The Kansas City Star
Feb. 27, 2013
I come from a long line of danglers.
Both my grandmothers dangled. My great-grandmother who only ate cottage cheese and carrot sticks was a dangler. And having two girls of my own, the probability of one of them dangling is dang good.
What is a dangler, you ask? If you were sitting in the bathroom stall next to mine, it would be quite obvious what problem I struggle with (other than dangling prepositions).
I am short. My feet can’t reach the floor in any adult-sized chair. Parent/teacher conferences at the grade school? No problem! But I’m vertically challenged.
Unfortunately, this is not a new issue for me. When the kids on the playground would taunt me, calling out “Shorty Pants,” I would smartly retort, “Good one, Mr.
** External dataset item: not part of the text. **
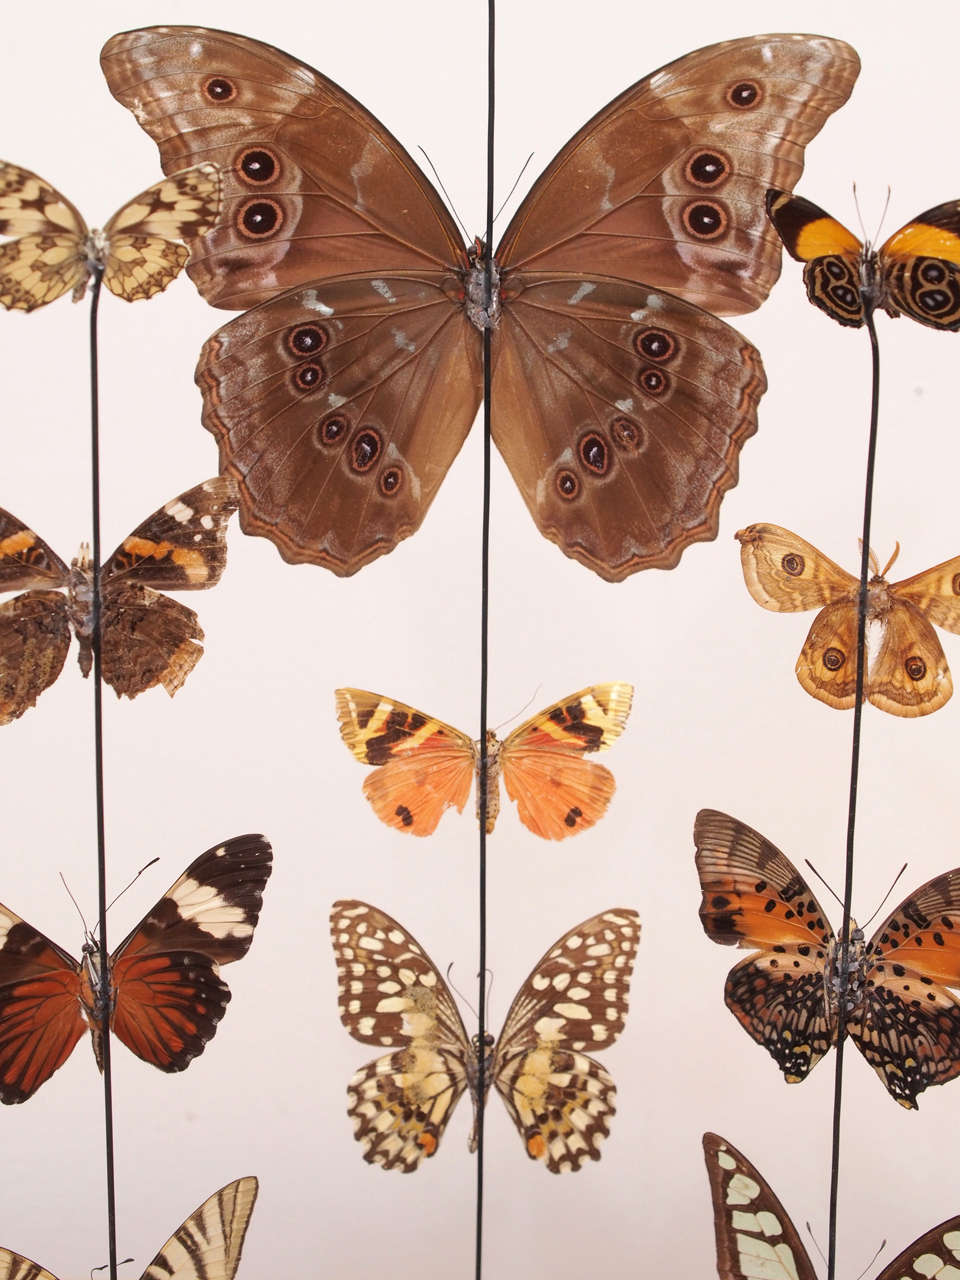 Specimen Butterflies Under Glass Dome 3

Tall-ey Pants!” Apparently, I am better on paper with a few edits.
Then I grew older and stronger.
During my preteens, Randy Newman wrote the supposedly satirical song “Short People,” where he waxed poetic that “short people got no reason to live.” Such a charmer. I bet Mr. Newman never had his early adolescence bombarded by bullies singing lame lyrics at him every chance they had. As you can see, I’m over it! Newman!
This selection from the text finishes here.